On February 27, Zhao Xiaoyan, former fund manager of Hengyue Fund, resigned from all managed funds after 4.53 years. Among recent fund managers who resigned from some products, Qi Shichao of Tianhong Fund left multiple index funds on March 7, with an investment tenure of only 1.13 years; Fang Junyi of China Merchants Fund and Li Xuesong of Shanghai Securities (Shangzheng Asset Management) also recently resigned from some managed products, with tenures of 1.37 years and 0.32 years, respectively.
It is worth noting that although some of the resigned or fully liquidated fund managers have poor performance, some emerging managers have performed well, especially those managing products with unique strategies and stock orientations, which have shown good long-term results.
For example, Pang Yajing manages Zheshang Huijin Quantitative Selection, a fund that uses quantitative strategies for allocation and stock selection, with an annualized return of 31.53%. Since she started managing this fund on January 29, 2024, she has added significant positions in stocks like Tianfutongxin, Xinyi Sheng, Zhongji Xuchuang, and Industrial Fuxian, which surged later. Although there has been some rebalancing, her AI-oriented style has persisted. Yan Dichao’s Huisheng Advantage Enterprise Fund also increased or added positions in nonferrous metals and gold stocks in 2025, with an annualized return of 51.55% during his management.

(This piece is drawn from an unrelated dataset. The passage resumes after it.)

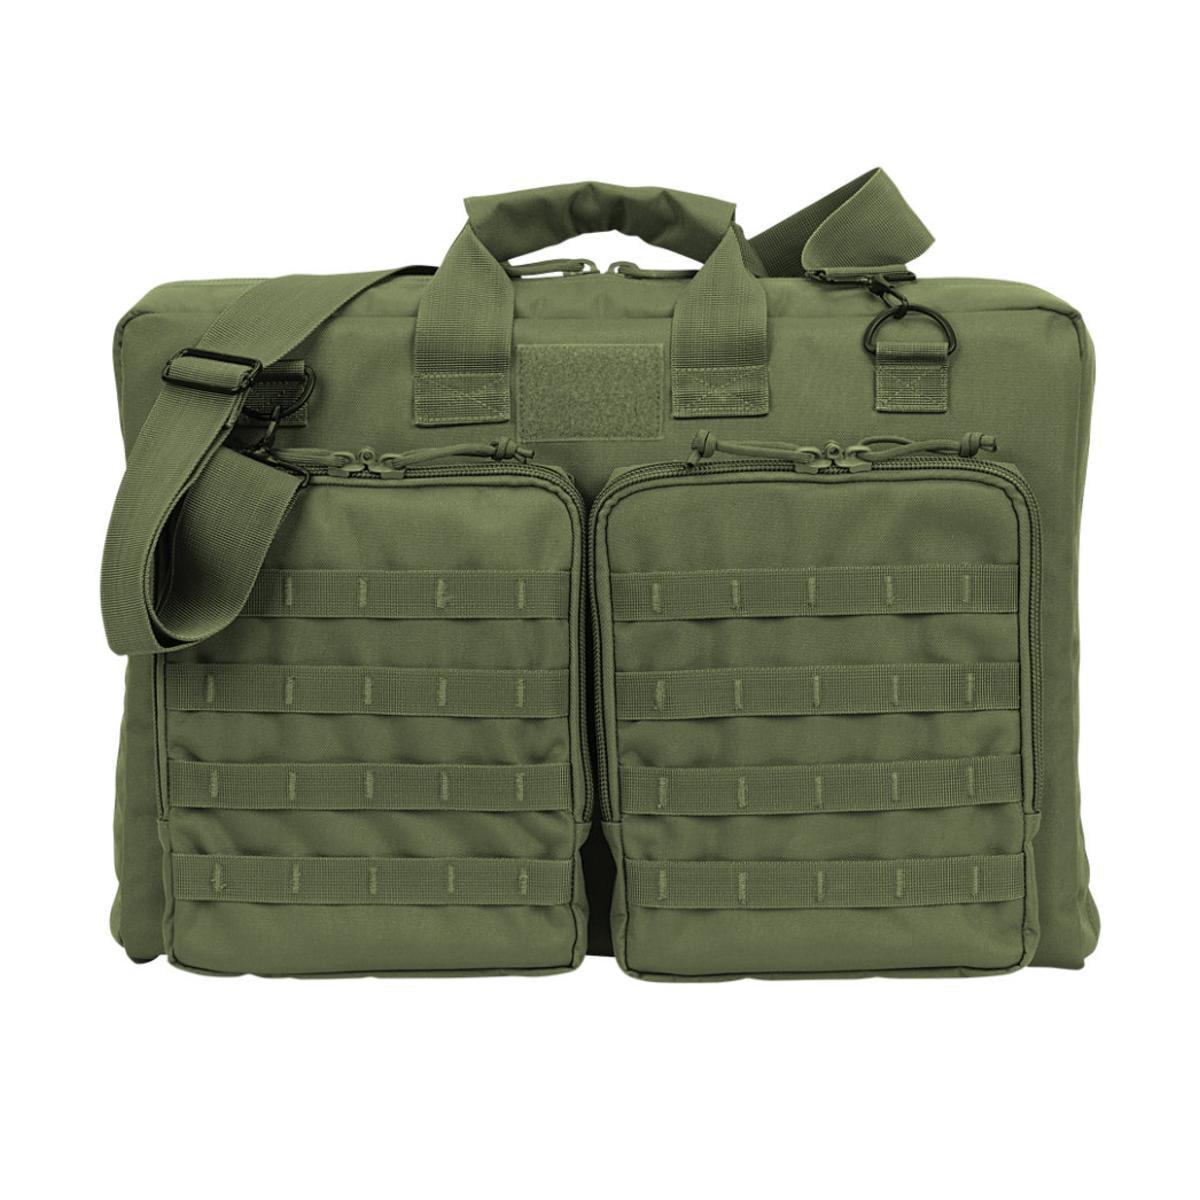 Voodoo Tactical 20-9420 Deluxe Terminator Padded MOLLE Range Bag

Industry insiders believe that the phenomenon of fund manager departures has become prominent in recent years, with many emerging managers. This includes passive adjustments driven by performance pressures and high-performing managers seeking greater development opportunities. For investors, it is important to understand the reasons for manager departures, evaluate new managers’ performance, and observe before making rash redemption decisions.